Domestic abuse and violence is something that affects every person of every gender, race, sexual orientation, ability, ethnicity, nationality, religion and so on. But, disproportionately, we see the same white, straight, cisgender-bodied women representing the survivors of domestic abuse. What happens when we dive into the reality of domestic abuse is that the numbers aren’t inclusive and representative for transgender individuals. According to the Partnership Against Domestic Violence, every nine seconds a woman is battered in the United States; and around the world, one in four women has been coerced into sex, beaten, or harassed. Though these numbers are frightening, they tend to leave out the transgender community in which there has been little research. According to a 2011 survey by the National Center for Transgender Equity (NCTE) and the National Gay and Lesbian Task Force (NGLTF), one in five trans people have experienced domestic violence at home for their nonconforming gender identities.

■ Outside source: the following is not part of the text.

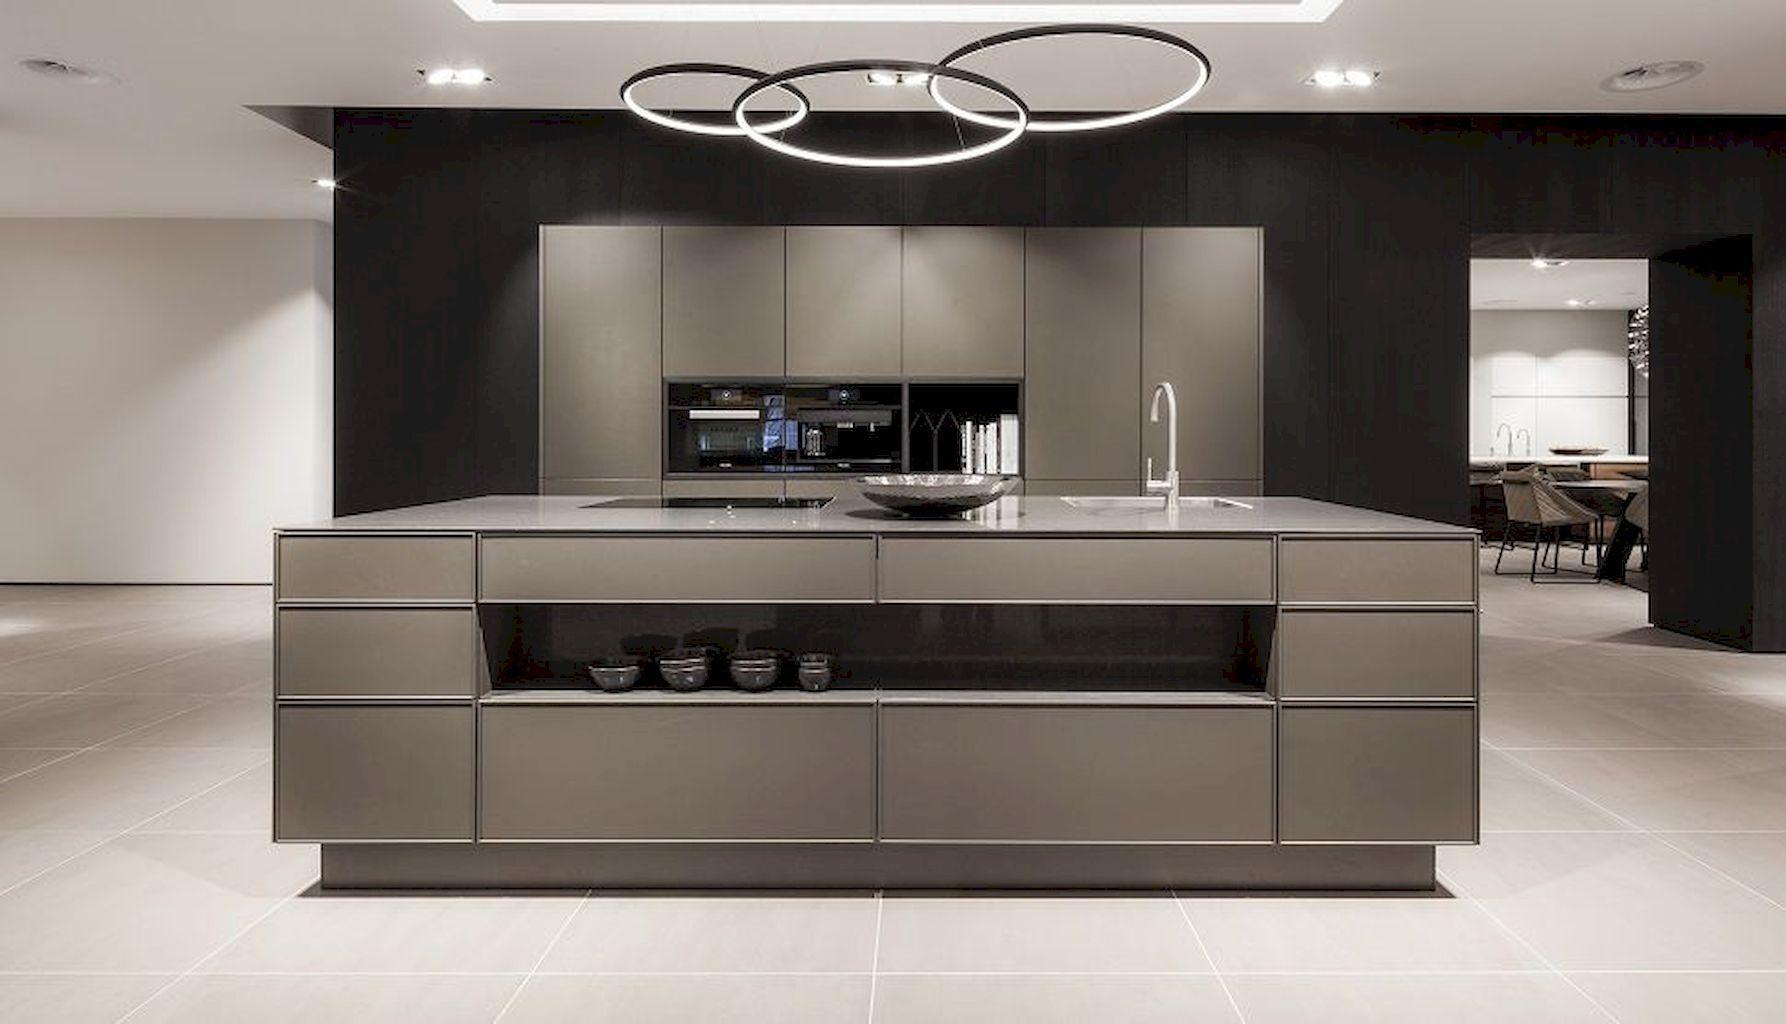 Gorgeous Fabulous Modern Kitchen Sets on Simplicity, Efficiency

It is time to stop acting like domestic violence and abuse don’t affect everyone, and it’s time to start looking at the bodies who are being left out of the statistics and the media limelight. Domestic violence for transgender individuals is not always the same as it is for their cisgender counterparts. Violence against gender-nonconforming individuals often starts with the people they love most. Their nonconformity into strict gender norms is often used against them and leads to domestic violence that can reach far beyond physical abuse. Because abuse became so normal in relationships with transgender people, along with the lack of resources that explain how domestic abuse affects these individuals, theirs tends to be a continuing of the abuse because it has become so normalized. If transgender people have been surrounded by physical and emotional abuse for extended periods, and relationship development is based on systems of abuse, survivors can see their situations as part of a normal “healthy” relationship.

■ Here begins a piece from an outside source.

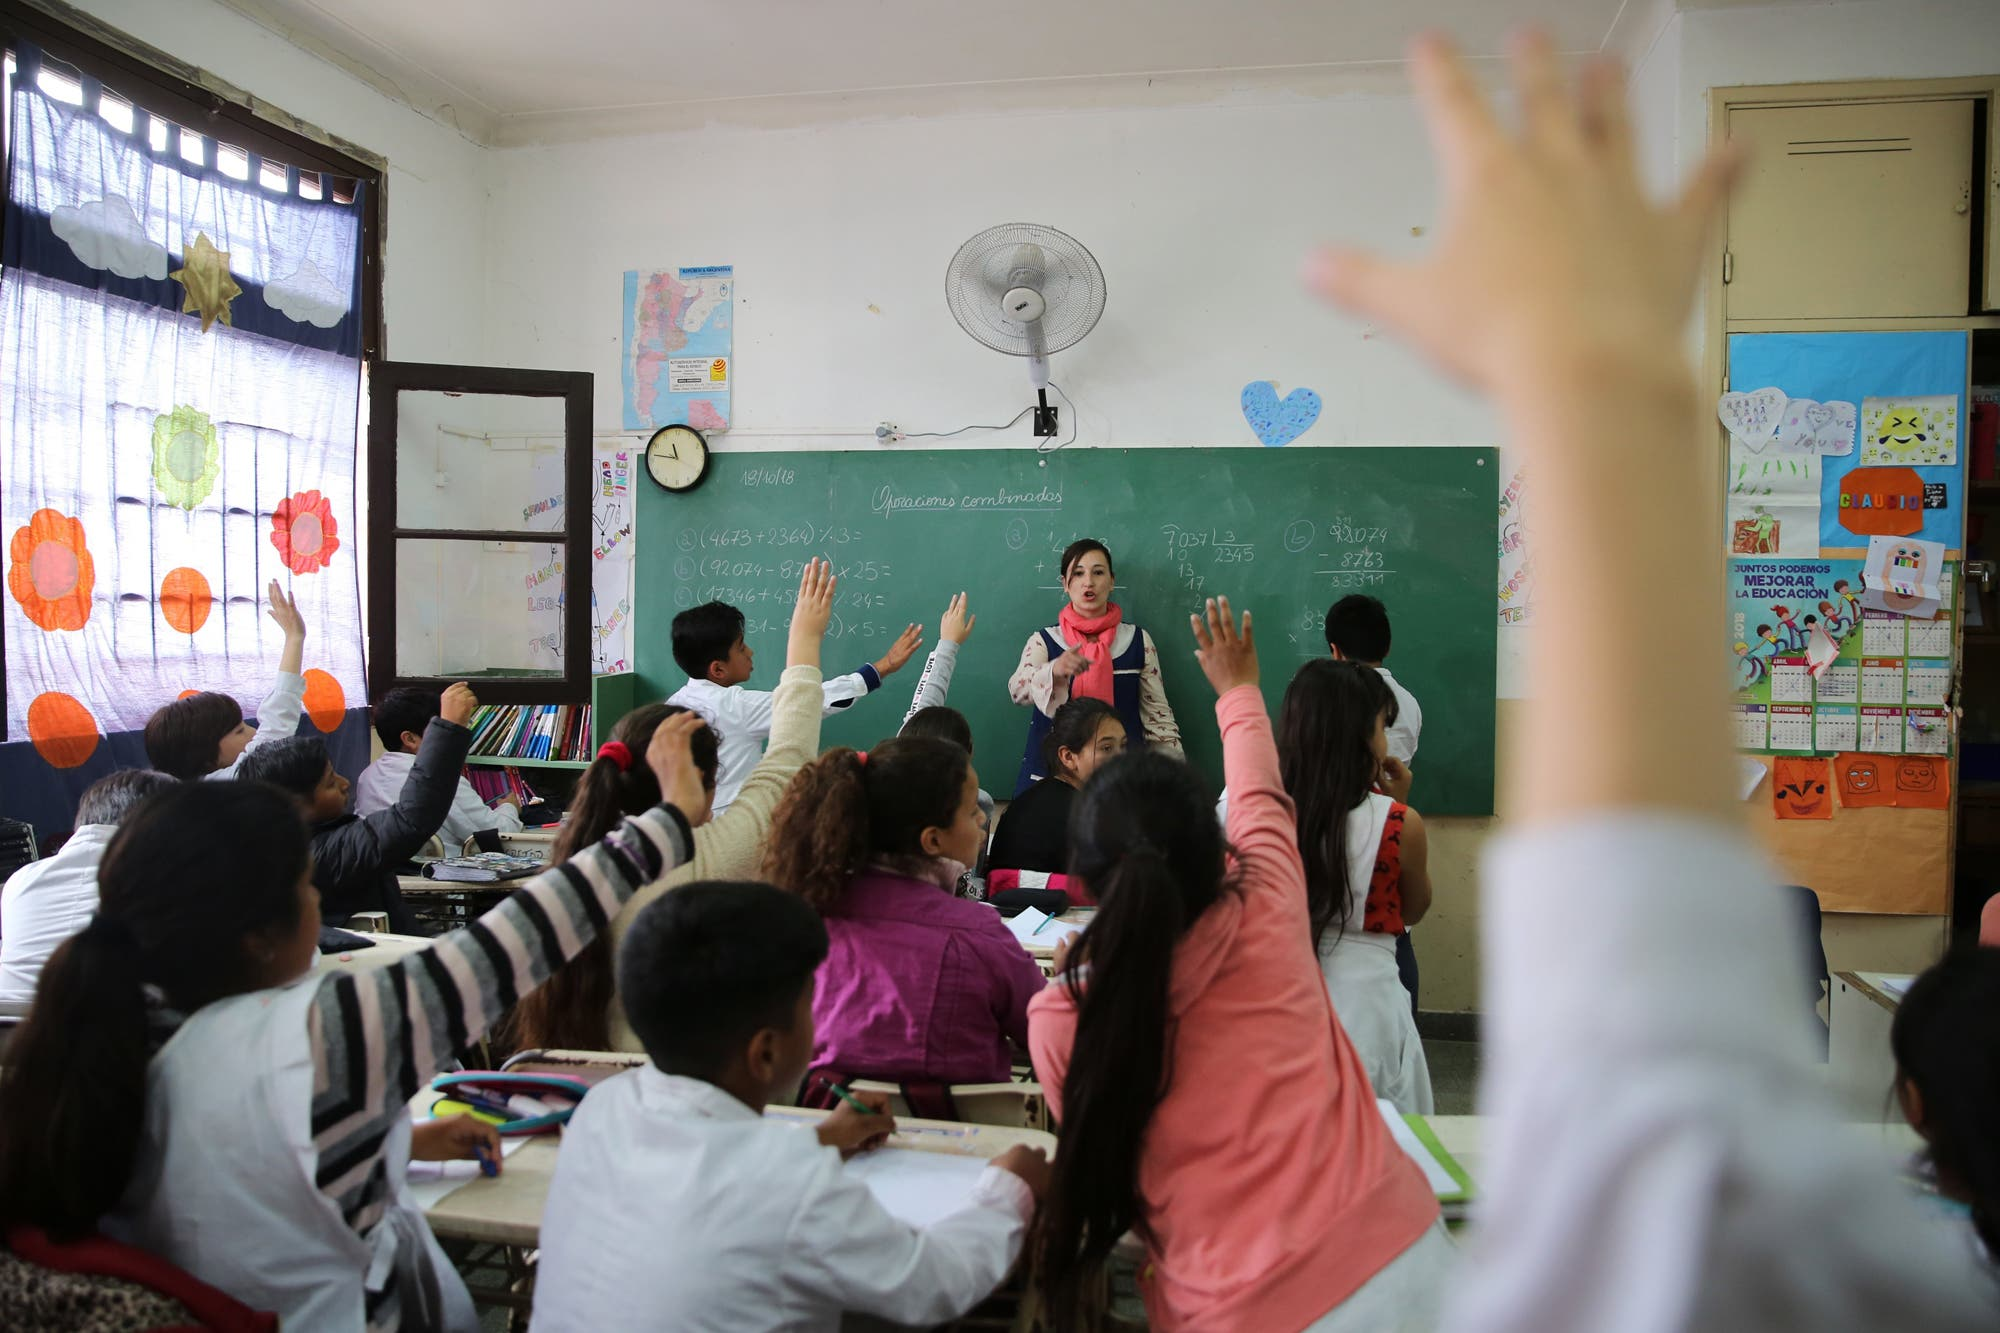 CrESI: la app creada por estudiantes secundarios para enseñar Educación Sexual Integral

Domestic abuse for transgender people can look very different than for their cisgender brothers and sisters. Emotional abuse is one of the most common forms of abuse and can easily be normalized in any relationship. But, abusers can use their partner’s gender identity as a tactic to keep them “in line,” saying things like “you’re not a real man/woman,” “no one will want f*ck someone like you,” and/or misusing pronouns or calling them “it.” This form of emotional abuse is all too real within the transgender community and has often, as noted above, become a normalized form of abuse in relationships. Abusers will use power tactics that are not always as common within cisgender couples i.e. exploiting and patrolling their gender expression via hiding imperative items of clothing like binders and wigs. Domestic abuse isn’t going to be as clear-cut in some of these situations because of tactics like these, but it is imperative to understand that it happens to bodies that are not cisgender.

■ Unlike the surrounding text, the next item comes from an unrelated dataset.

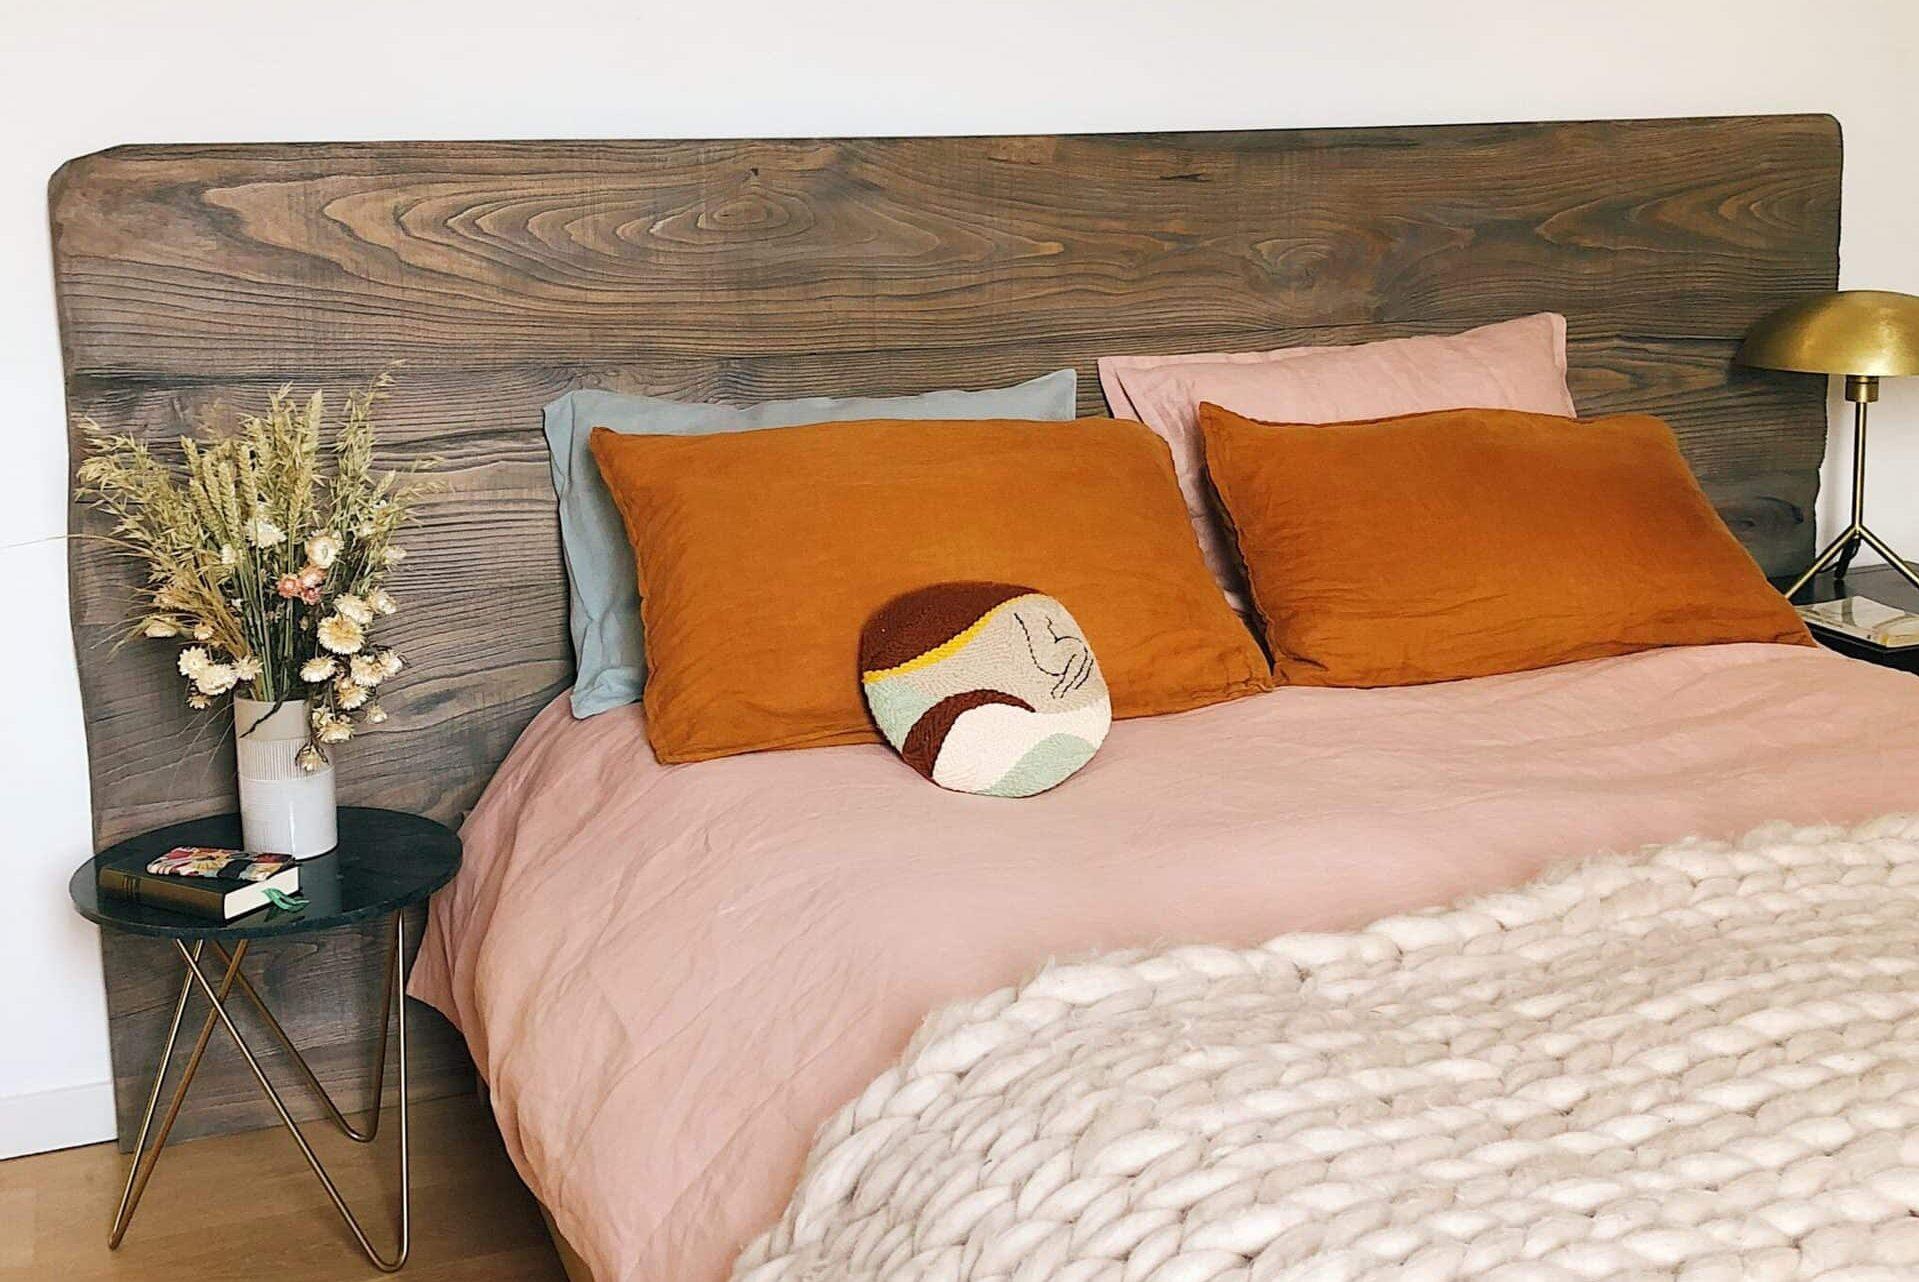 Reclaimed wood bedframe

Transgender people have been continuously left out of the conversation of domestic violence and domestic abuse. Their statistics have been overlooked and options for them to seek out help i.e. center’s and shelters are limited because of the lack of knowledge of how domestic violence affects them. It can be very difficult for trans individuals to find a support system that is going to value their lives over their gender nonconformity. Let’s continue this conversation and stop the stigma when talking about domestic abuse within the LGBTQ+ community. Domestic abuse happens to all bodies, no matter their race, sexual orientation, gender, or gender expression.